Sunu Wahyu Trijati
- Country (sports): Indonesia
- Born: 26 April 1987 (age 39) Jakarta, Indonesia
- Plays: Right-handed

Singles
- Career record: 3–8 (Davis Cup)
- Highest ranking: No. 916 (12 Dec 2005)

Doubles
- Career record: 4–2 (Davis Cup)
- Highest ranking: No. 902 (1 May 2017)

Medal record
Men's tennis
Representing Indonesia
Southeast Asian Games
| Silver medal – second place | 2005 Manila | Team |
| Silver medal – second place | 2015 Singapore | Team |
| Bronze medal – third place | 2005 Manila | Doubles |
| Bronze medal – third place | 2009 Vientiane | Team |
| Bronze medal – third place | 2015 Singapore | Mixed doubles |
Islamic Solidarity Games
| Bronze medal – third place | 2005 Mecca | Team |
Universiade
| Bronze medal – third place | 2007 Bangkok | Doubles |
Men's soft tennis
Representing Indonesia
Asian Games
| Bronze medal – third place | 2022 Hangzhou | Team |
Southeast Asian Games
| Gold medal – first place | 2023 Cambodia | Team |
| Bronze medal – third place | 2019 Philippines | Team |

= Sunu Wahyu Trijati =

Indonesian tennis player

Sunu Wahyu Trijati (born 26 April 1987) is an Indonesian professional tennis player.

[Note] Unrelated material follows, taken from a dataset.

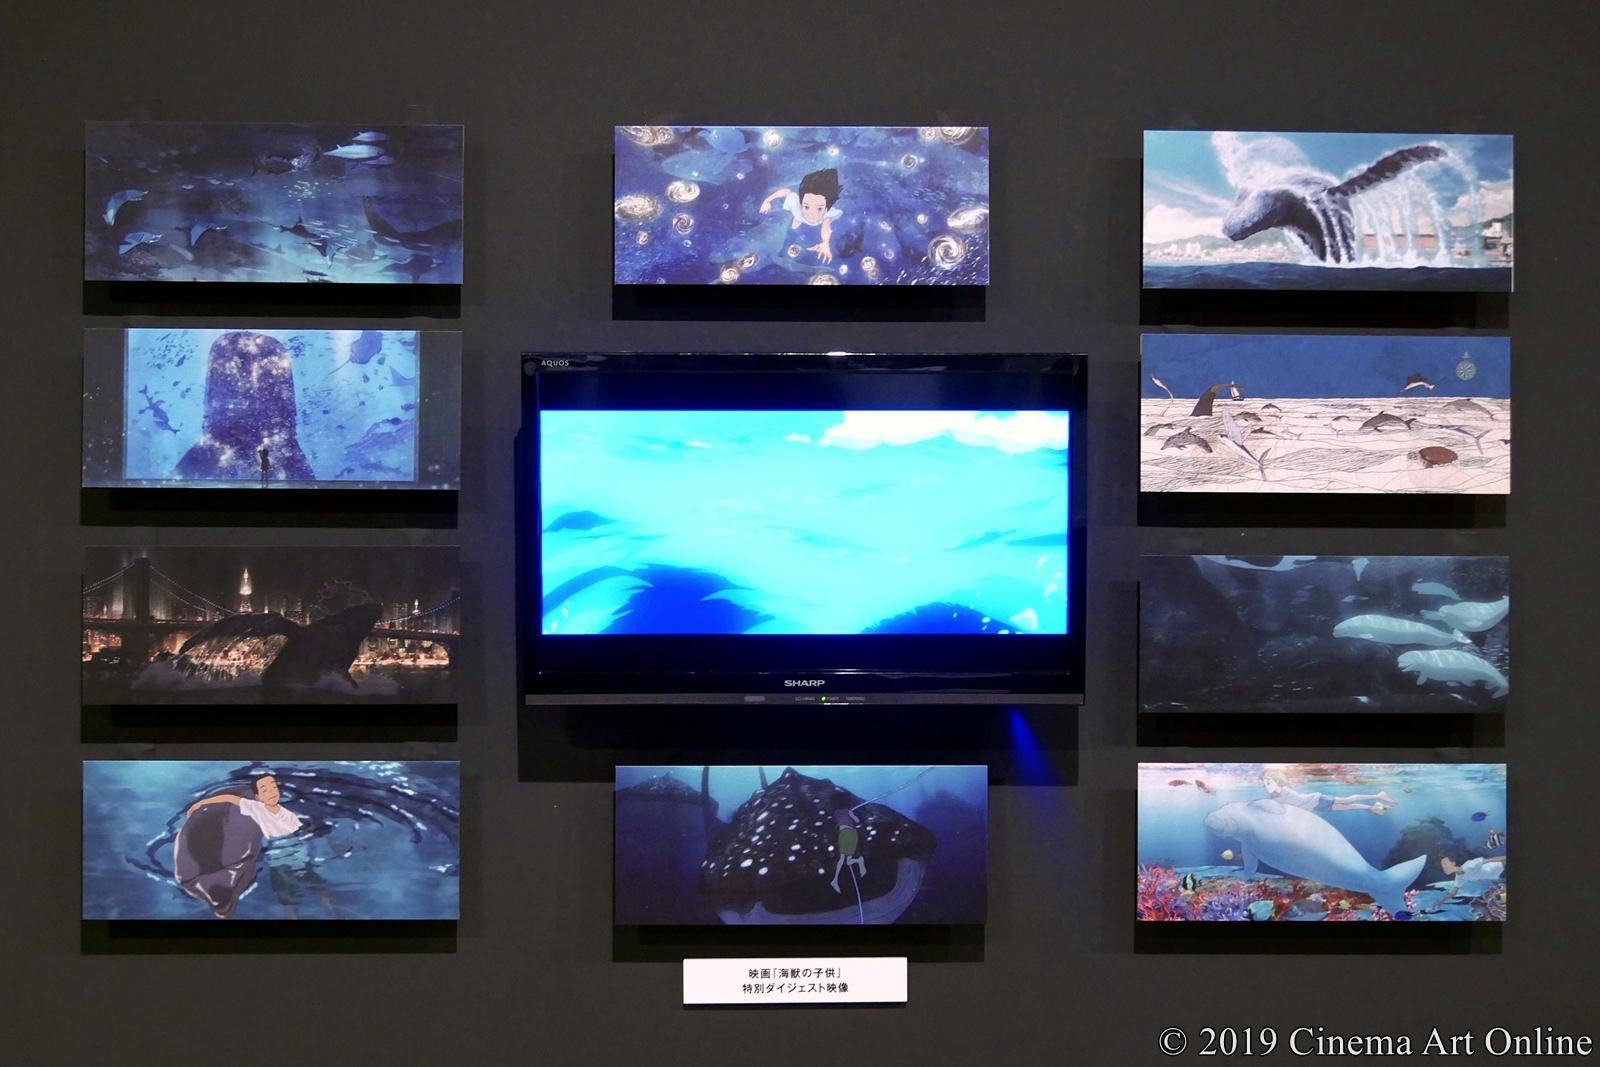 【写真】映画『海獣の子供』×「大哺乳類展2」
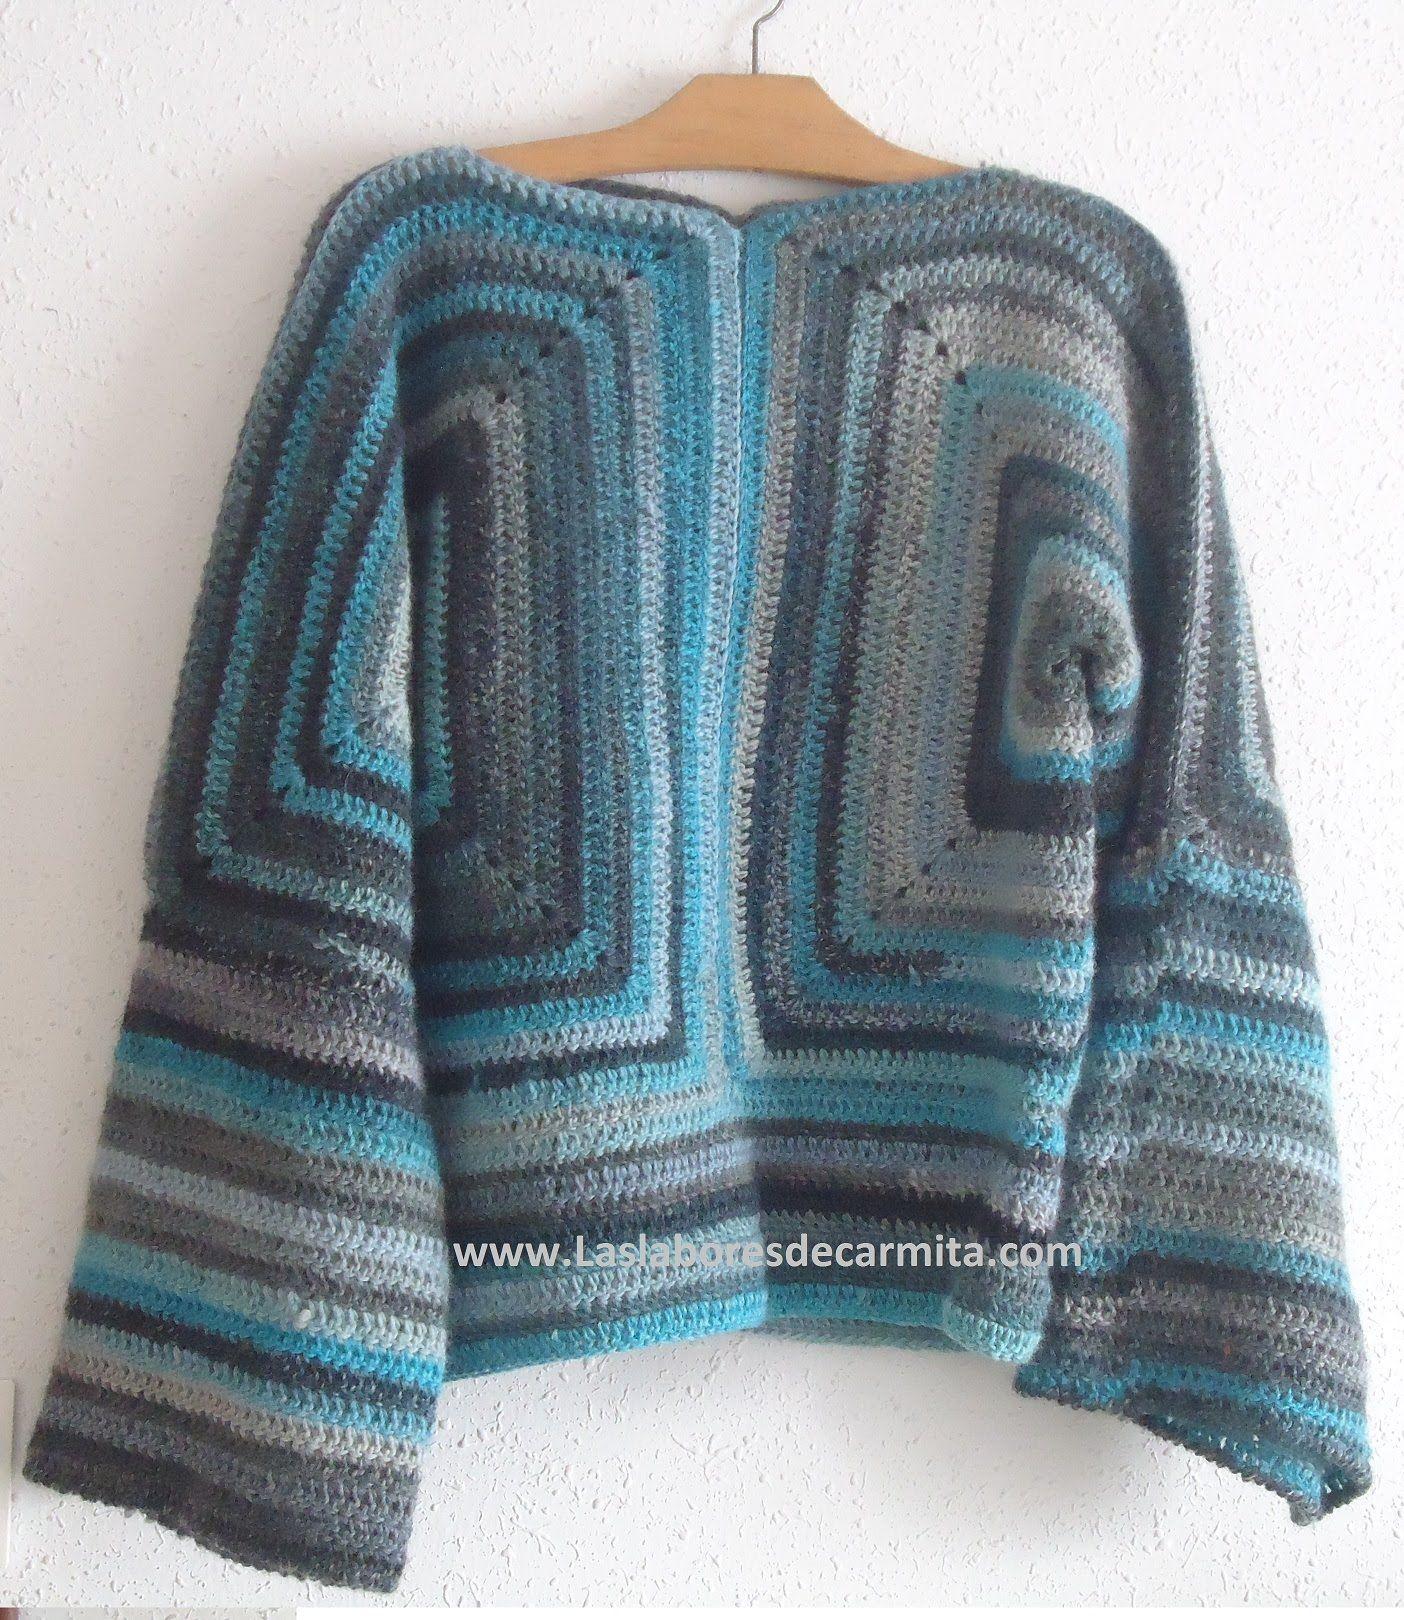 Como hacer jersey chaqueta crochet ganchillo paso a paso - Como empezar a hacer punto paso a paso ...

Trijati, a native of Jakarta, made his Davis Cup debut for Indonesia in 2005. He has featured in a total of 13 ties, the last in 2017, for three singles and four doubles wins.

A regular participant in the Southeast Asian Games, Trijati has won five medals in tennis and in 2019 won a further medal as a member of Indonesia's soft tennis team.